All of the data below should be set down again verbatim, without any images.

→ **DATA EXTRACT**
▬▬▬▬▬▬
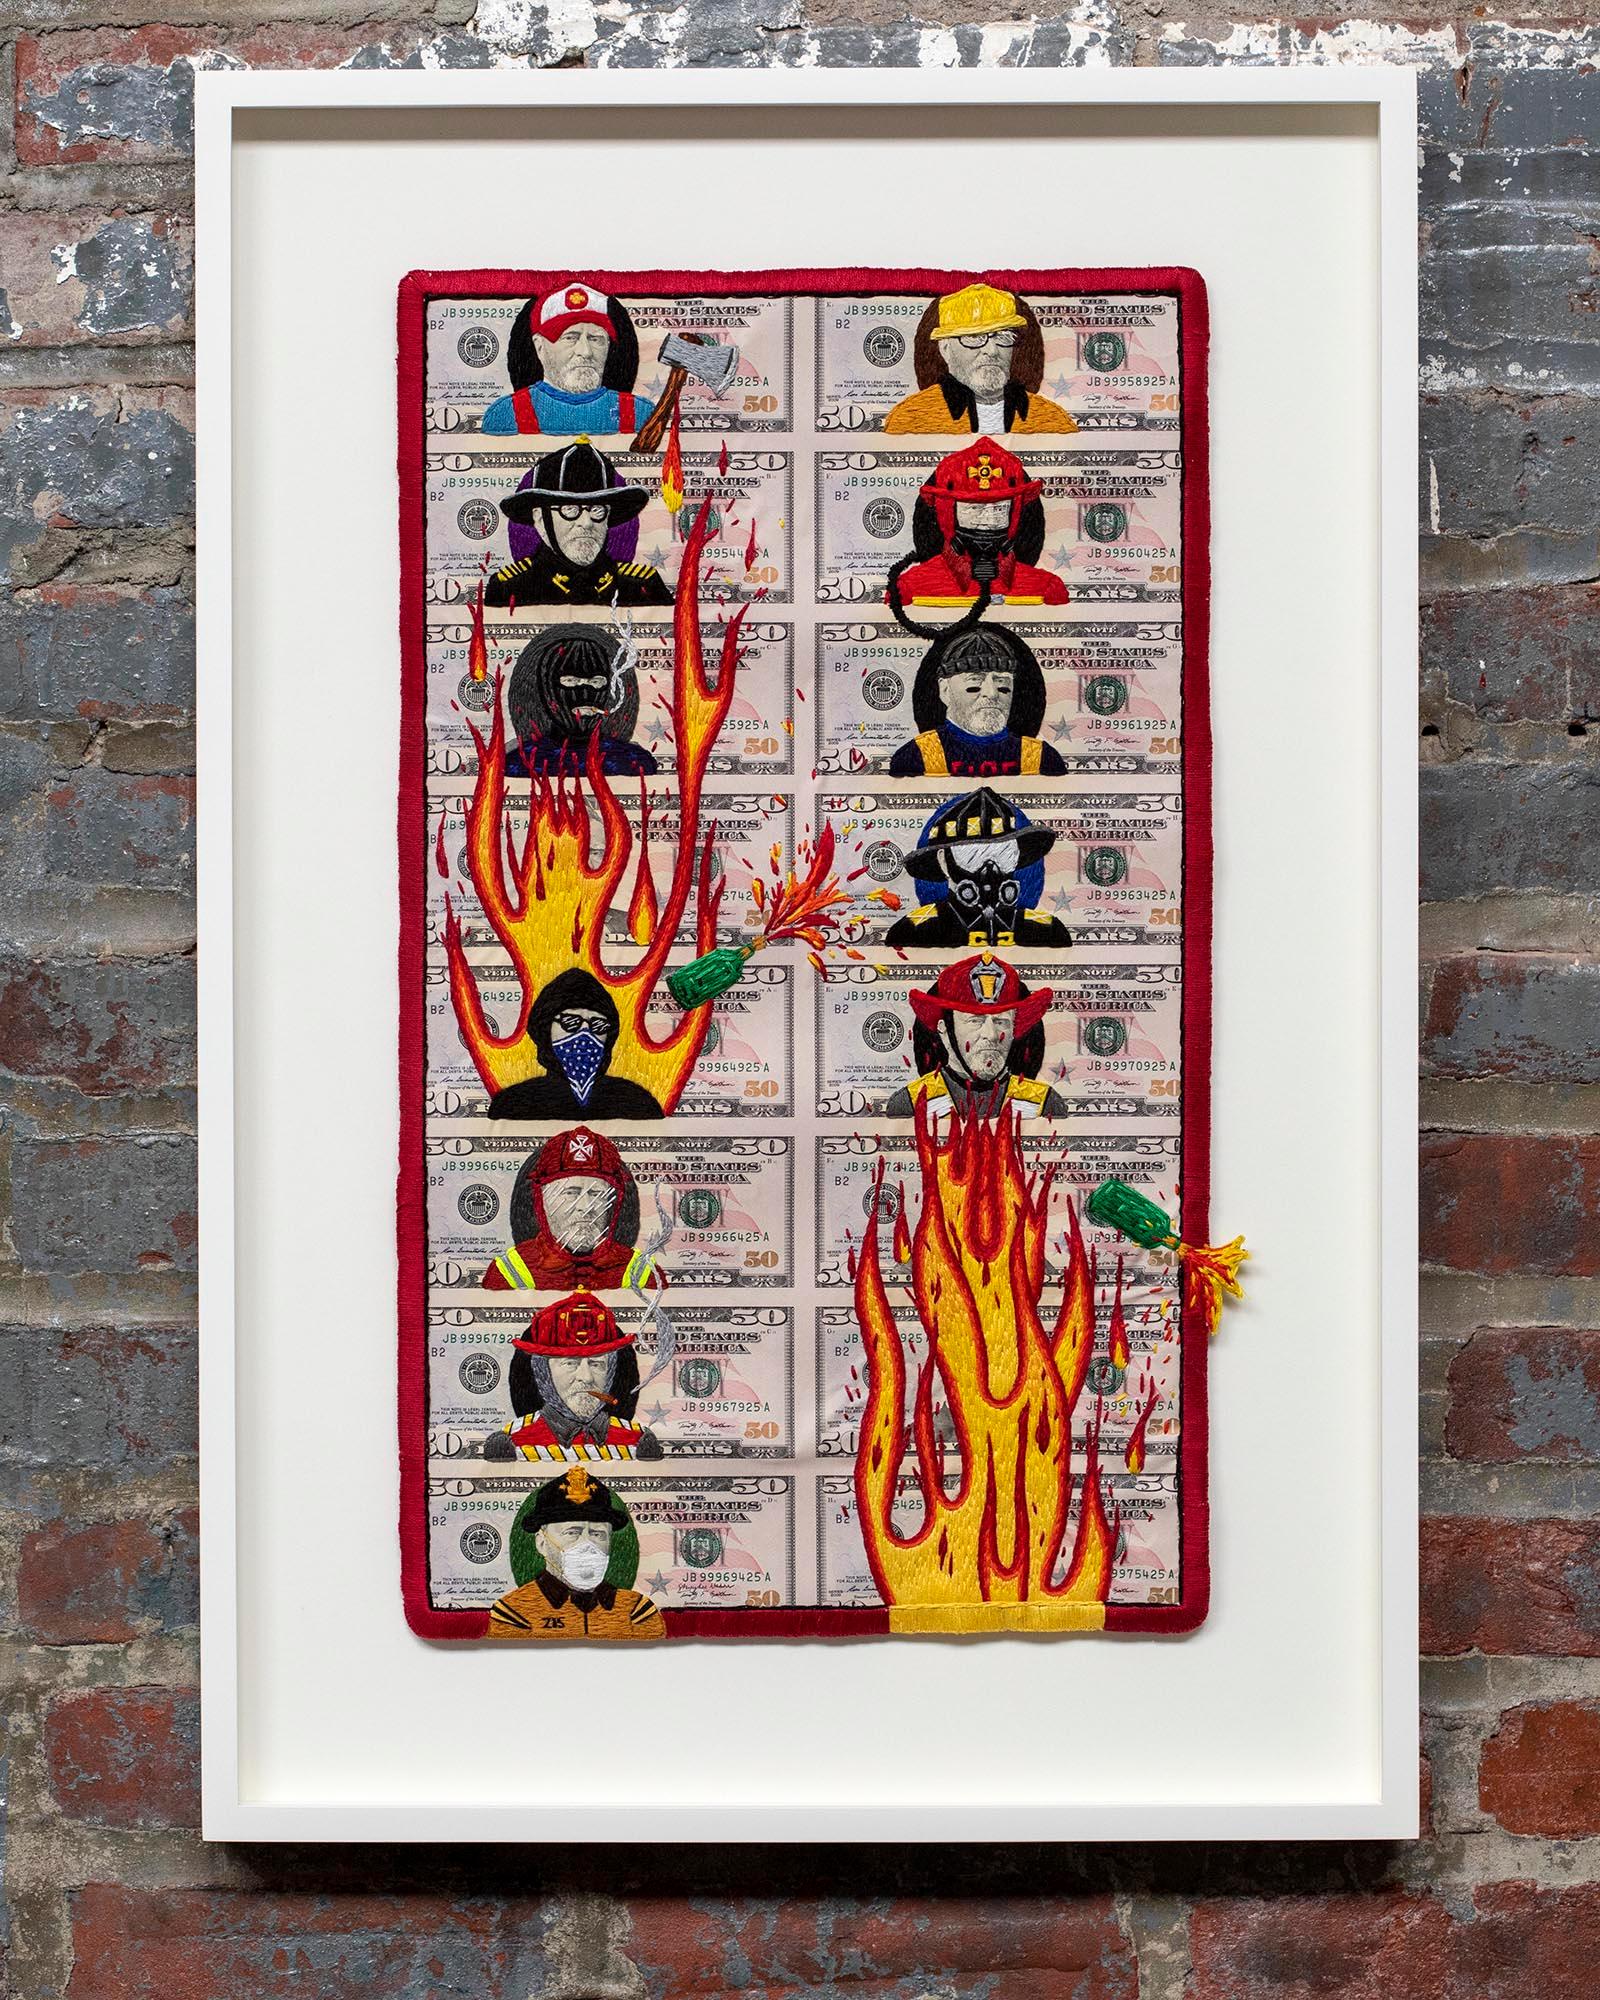 We The People: Grant Firemen - Mixed Media Art by Stacey Lee Webber
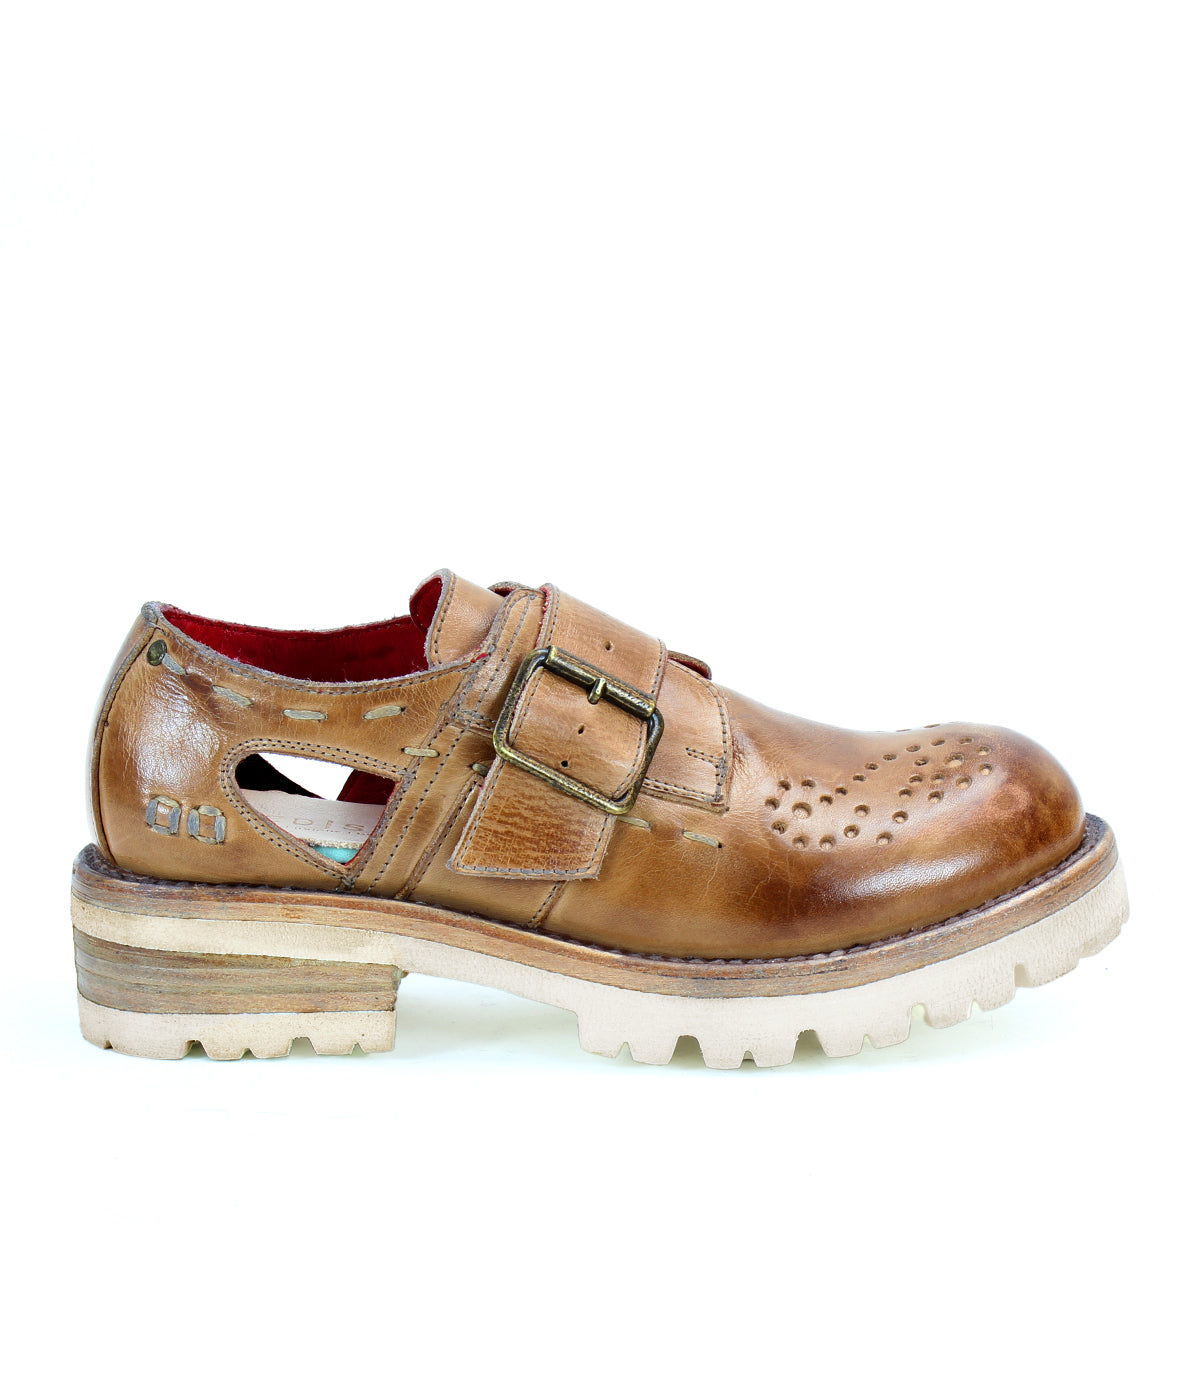 A men's brown leather shoe with buckles and perforated detail by Bed Stu Dagny.
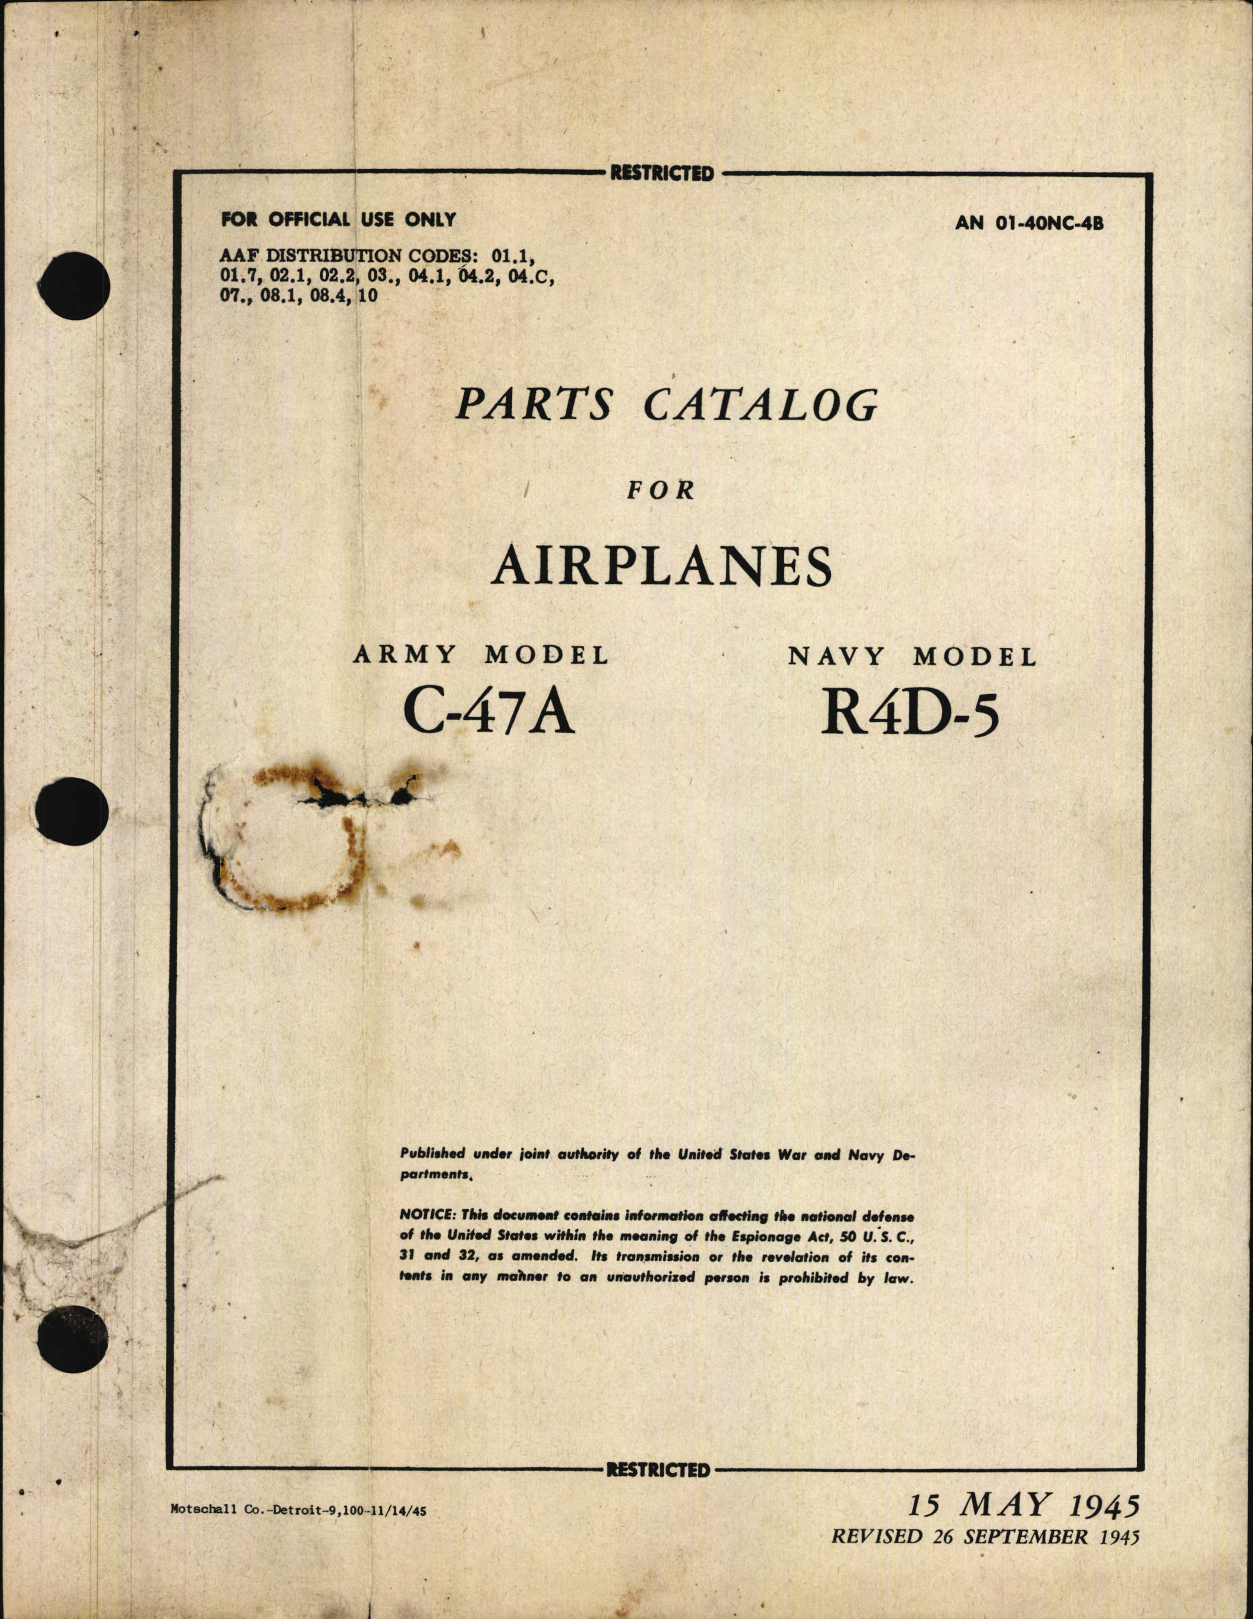 Sample page 1 from AirCorps Library document: Parts Catalog for C-47A and R4D-5 Airplanes
▬▬▬▬▬▬
→ **RESPONSE AREA**
 We The People: Grant Firemen - Mixed Media Art by Stacey Lee Webber
 A men's brown leather shoe with buckles and perforated detail by Bed Stu Dagny.
 Sample page 1 from AirCorps Library document: Parts Catalog for C-47A and R4D-5 Airplanes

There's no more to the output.